J.B. sat cross-legged, looking at it, wondering which of the guards had placed it there while he was sleeping. The irons around his ankles were frozen, scorching his flesh wherever they touched it.
He could hear whispering outside the warped planks. Dimly, against the stark whiteness of the snow that lay thick upon the rocky plateau, he could make out the silhouettes of some of his guards, waiting to snigger at him when he tried to reach the tantalizing dish of food, because they knew that the chain around his throat, secured to a heavy ringbolt in the wall, would leave him short, inches away from the bowl.
J.B. knew that, as well, and he sat very still, unable to take his eyes off the creamy pudding.
THE WALKING DEAD WERE all around Ryan, every empty eye socket turned blankly toward him. The wind blew at the tattered clothing, whistling through the shrunken holes in the dried flesh. Step by slow, unsteady step, the corpses were coming closer.
He leveled the Llama Comanche at the nearest of the shambling horrors.
MILDRED HAD BEEN on vacation with some of the other members of the Olympic pistol team, staying in a newly built block of apartments near Pagosa Springs.
The nearest shooting range was at South Fork, the far side of Wolf Creek Pass, nearly eleven thousand feet high, but this afternoon Mildred had gone off on a trek of her own, borrowing a Jeep to take the twisting, narrow trail into the San Juan Mountains, up toward Cimarron.

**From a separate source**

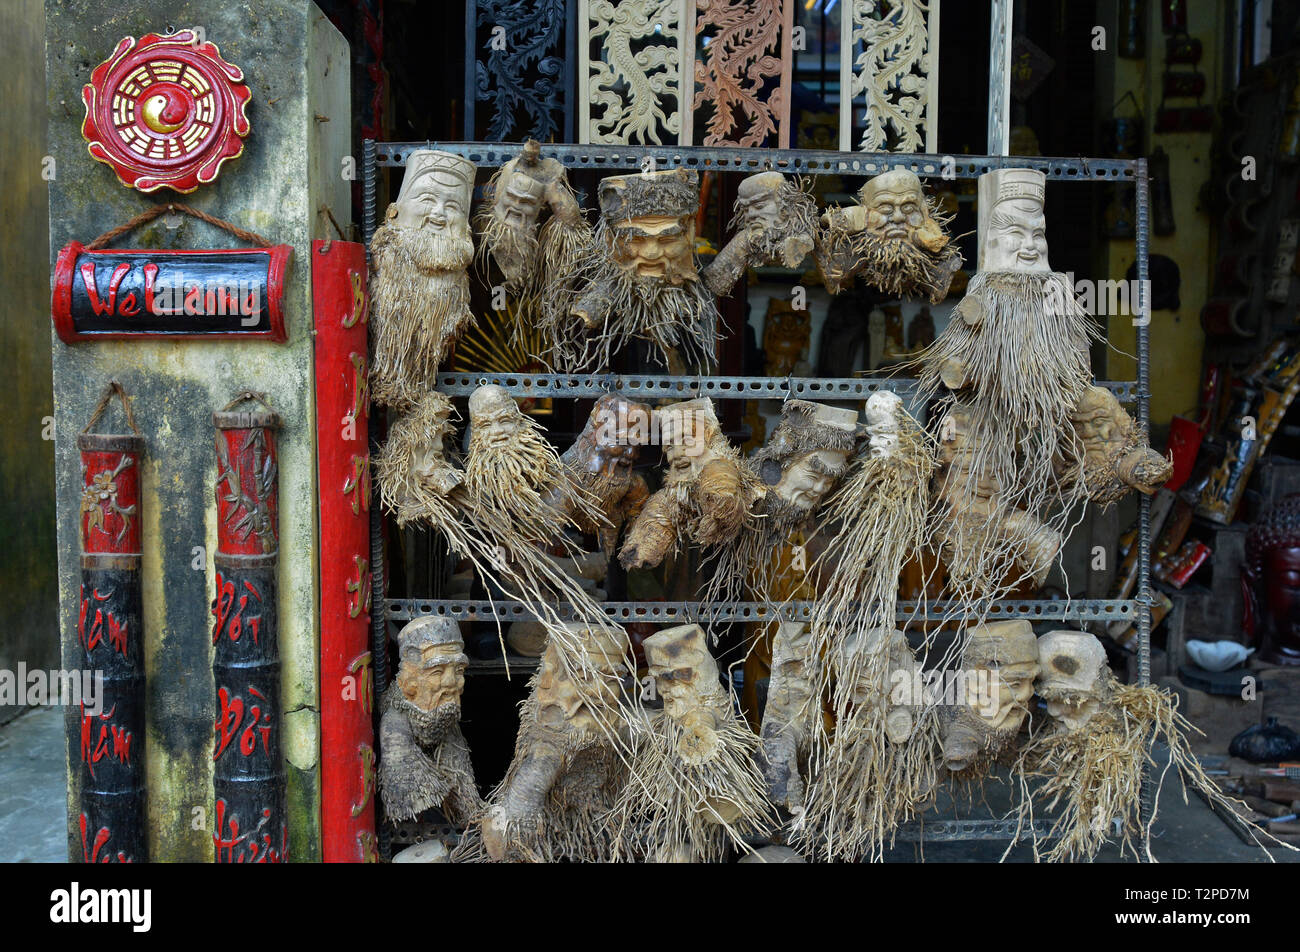 Hoi An, Vietnam - December 20th 2017. Souviners for sale outside a tourist shop in Hoi An. These are plant and tree roots carved with faces Stock Photo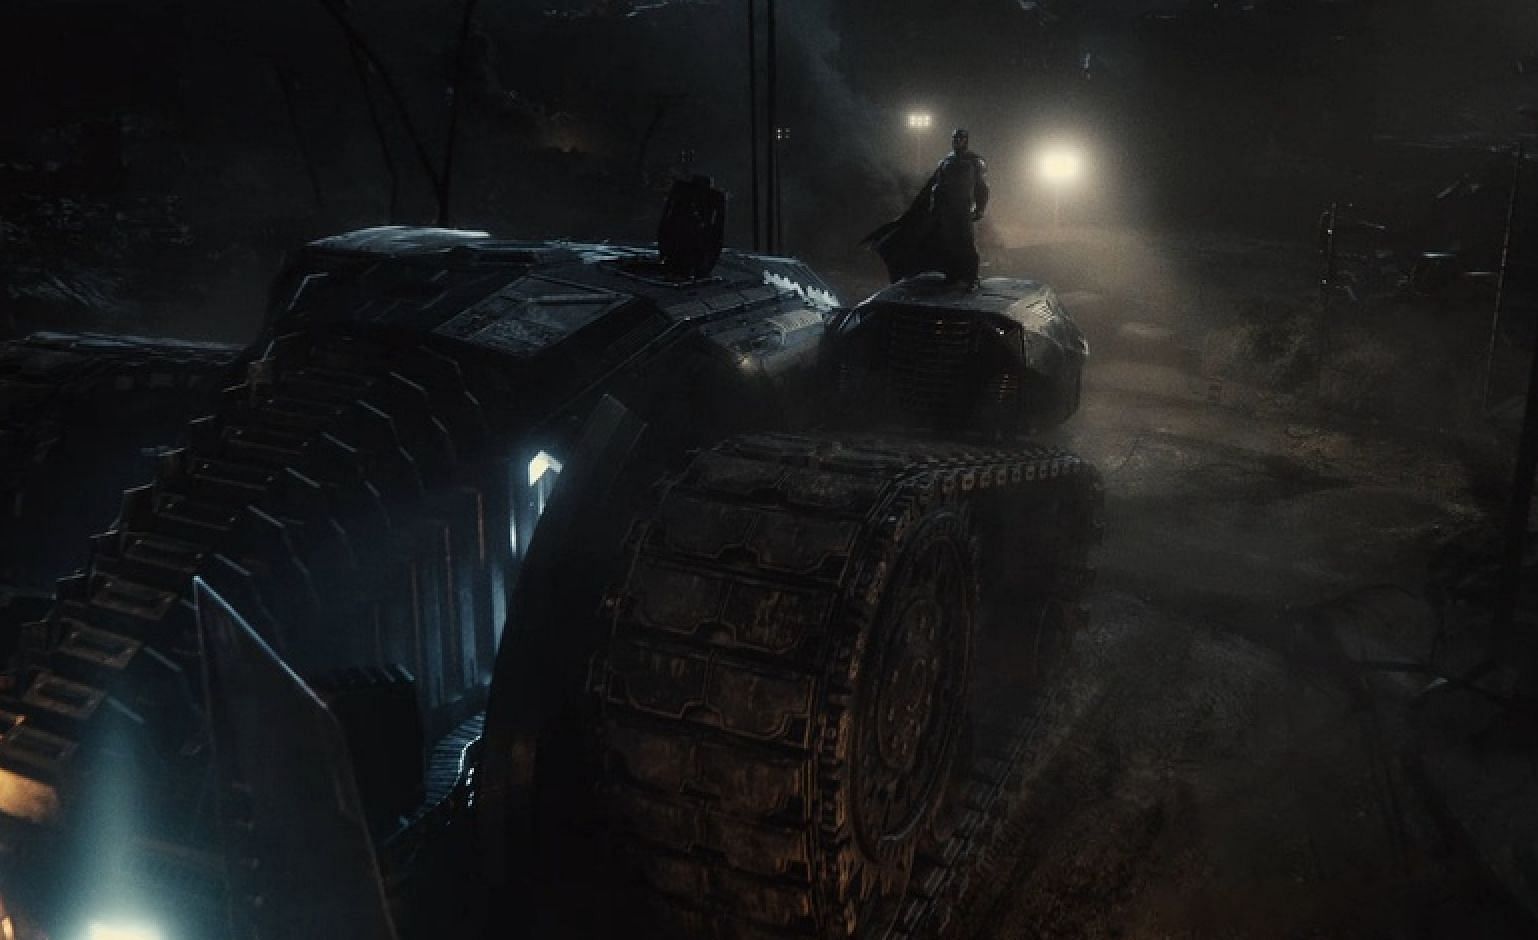 A heavily armored and weaponized version of the Batmobile, used to confront heavily armed criminals and villains (Image via Warner Bros)

There had been no forecast of the snow that suddenly came swirling around her, closing visibility to twenty feet, rushing at the windshield so that it was like driving into an endless white tunnel.
It was as if the heavens had opened and dumped six months' snowfall on her, all in one storm.
The radio had been giving sports news when it died.
As she reached down to try to adjust it, the heavy-duty tires of the Jeep struck a tumbled log, jarring the wheel from her numbed fingers. The vehicle lurched to one side, off the ice-slick trail, and started to roll.
Mildred grabbed at the door handle, but the biting cold had slowed her reflexes and she was way too late. The Jeep was already tumbling, over and over, bouncing and jolting. She heard a grinding crash of torn metal and then something struck her across the back of the head, above and behind her right ear, and the darkness opened its cloak and took her in.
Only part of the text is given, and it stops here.